FIG. 1 is a vertical sectional view showing a fuel pump according to an embodiment of the present invention;

[Figure 2] I in Figure 1 with the armature removed
A cross-sectional view taken along the I-II line,

FIG. 3 is a cross-sectional view taken along line III-III in FIG. 1;

[Figure 4
] A plan view showing an enlarged main part of the first embodiment of the impeller;

FIG. 5 is a plan view showing an enlarged main part of the first embodiment of the impeller;

FIG. 6 is a characteristic diagram showing the relationship between efficiency and discharge flow rate with respect to discharge pressure in the embodiment of the present invention and in the conventional art;

FIG. 7 is a characteristic diagram showing the relationship between pump efficiency and the ratio l1/l2;

FIG. 8 is a characteristic diagram showing the relationship between pump efficiency and angle θ;

FIG. 9 is a plan view showing an enlarged main part of the second embodiment of the impeller;

FIG. 10 is a plan view showing an enlarged main part of the third embodiment of the impeller;

FIG. 11 is a plan view showing an enlarged main part of the fourth embodiment of the impeller;

FIG. 12 is an enlarged plan view showing the main parts of a conventional impeller.

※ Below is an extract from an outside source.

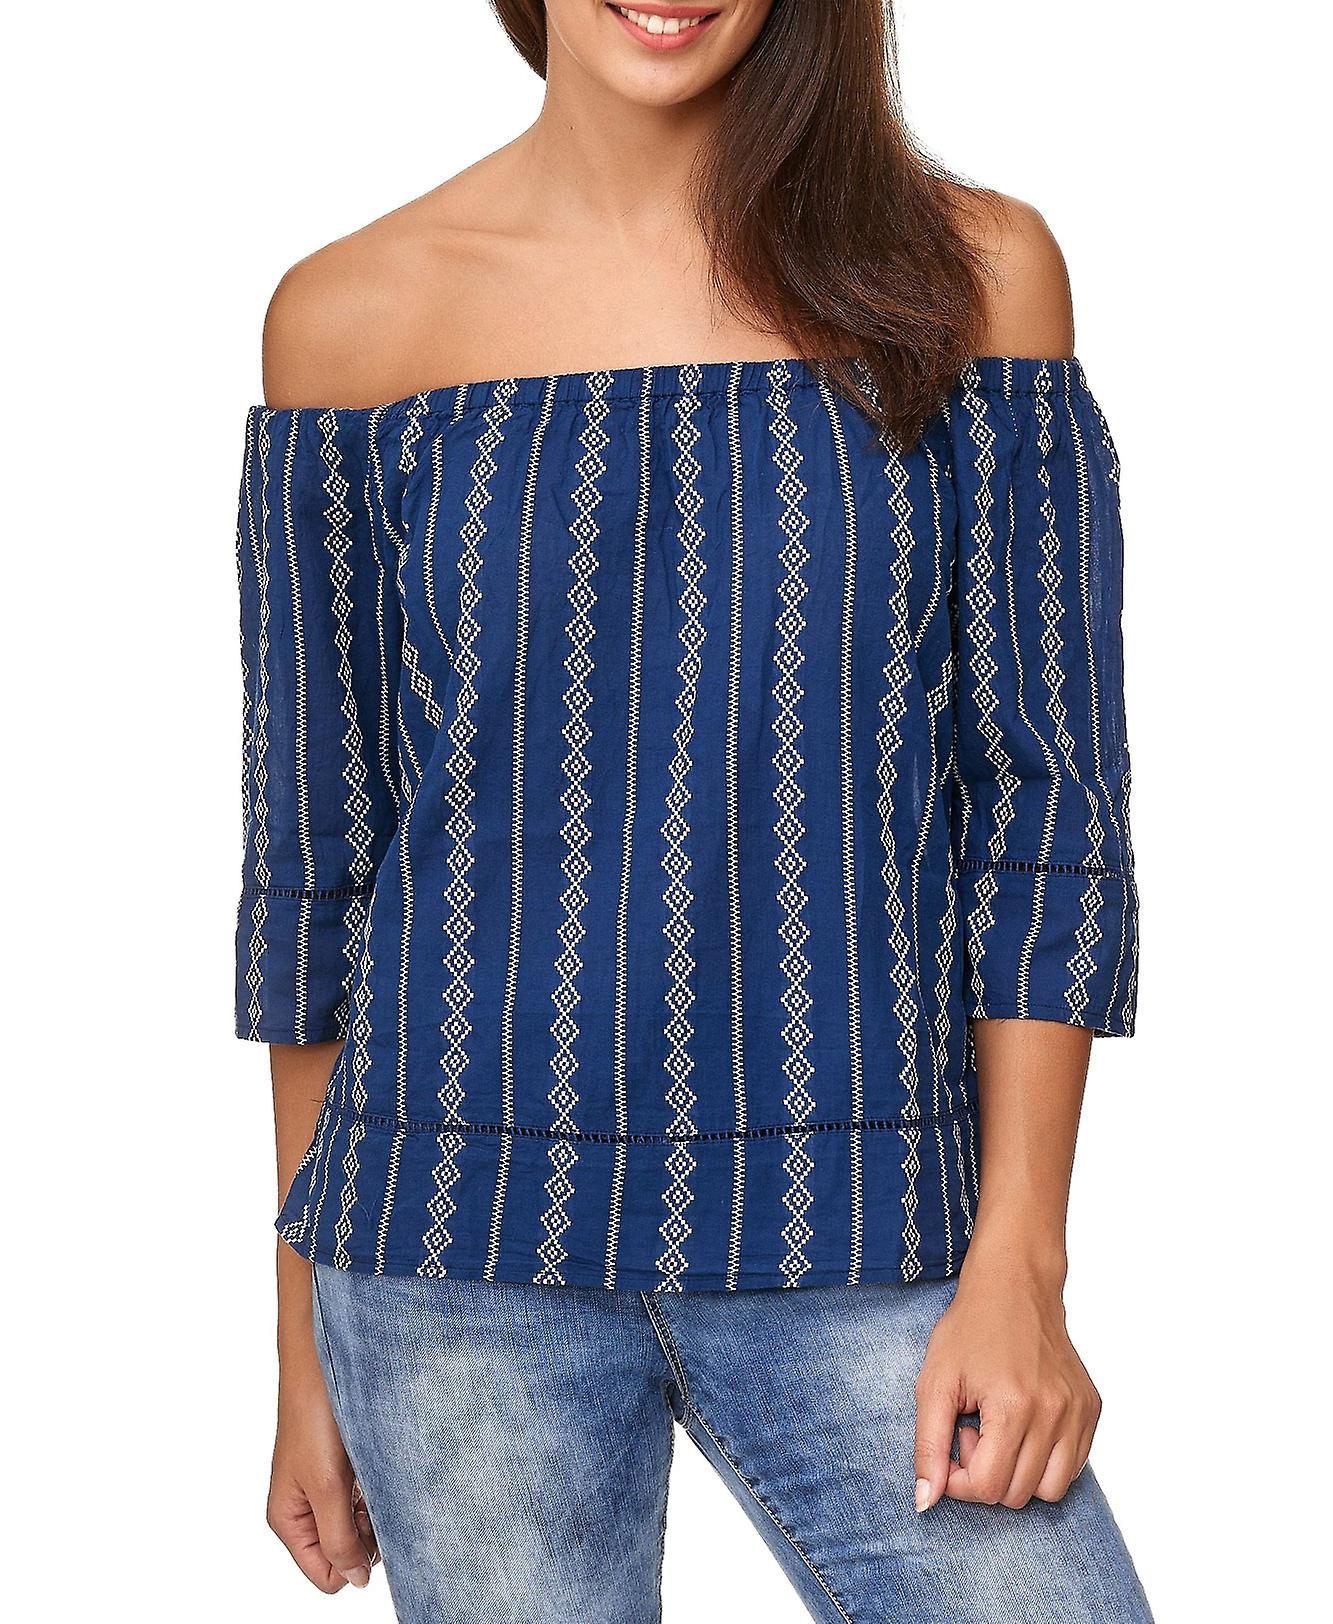 c052ff24d17df4 JDY Ladie s Shirt Carmen Neckline Off Shoulder Top Blouses 3 4 Sleeves  Women s

[Explanation of symbols] 1 Armature 1a
Rotating shaft 2 Impeller 2a Groove portions 2b, 2c Straight portions 2d, 2e Inclined portion 3 Pump cover 3a
inlet

Claims (8)

[Claims] 1. A motor vehicle comprising a casing, an impeller having closed blades continuously formed in the circumferential direction, and a driving means for receiving a voltage supply from an on-vehicle power source to rotationally drive the impeller, the casing and the impeller A vehicle fuel pump configured to pump fuel in a pump chamber formed between opposing side surfaces of two adjacent closed blades by rotation of the impeller, the fuel pump pumping out fuel from the fuel pump. The discharge pressure is 2 to 3 times lower than the intake pipe pressure communicating with the engine.
(Kg/cm2), and the flow rate characteristics during engine operation are 50 to 200 [l/h (liters/h).
time)], and in the rotation direction of the impeller, at least a part of the side surface of one of the closed blades located on the downstream side is formed to be parallel to a plane perpendicular to the rotation of the impeller. At the same time, the tip of the side surface of the other closed blade located on the upstream side is formed to be inclined in a plane perpendicular to the rotation of the impeller so that the volume of the pump chamber expands, and the The minimum flow rate characteristic when the supply voltage from the on-board power source is reduced is 20(l).
/h) or more. 2. A side surface of one of the closed blades located on the downstream side is provided with a predetermined radial length from the root of the closed blade,
2. A pumping surface according to claim 1, further comprising a pumping surface that is perpendicular to the rotation of the impeller and parallel to the plane. 3. The radial length l1 of the pumping surface is 0.2 to 0.8 times the radial length l2 of the closed blade. 4. The method according to claim 3, wherein the tip of the side surface of the other closed blade located on the upstream side has an inclination angle of 5 to 37 degrees. 5. The tip of the side surface of one of the closed blades located on the downstream side is formed with an inclined surface that is symmetrical with the tip of the side surface of the other closed blade located on the upstream side. Claim 2 characterized by: 6. The method of claim 1, wherein the inclined surface formed at the tip of the side surface of the other closed blade located on the upstream side is formed in an arc shape. 7. The impeller according to claim 5, wherein the closed blades are formed on both sides of the impeller. 8. A side surface of the other closed blade located on the upstream side is provided with a surface parallel to a pumping surface formed on a side surface of the one closed blade located on the downstream side at a predetermined diameter from the closed blade. Claim 2 characterized in that it is formed with a direction length.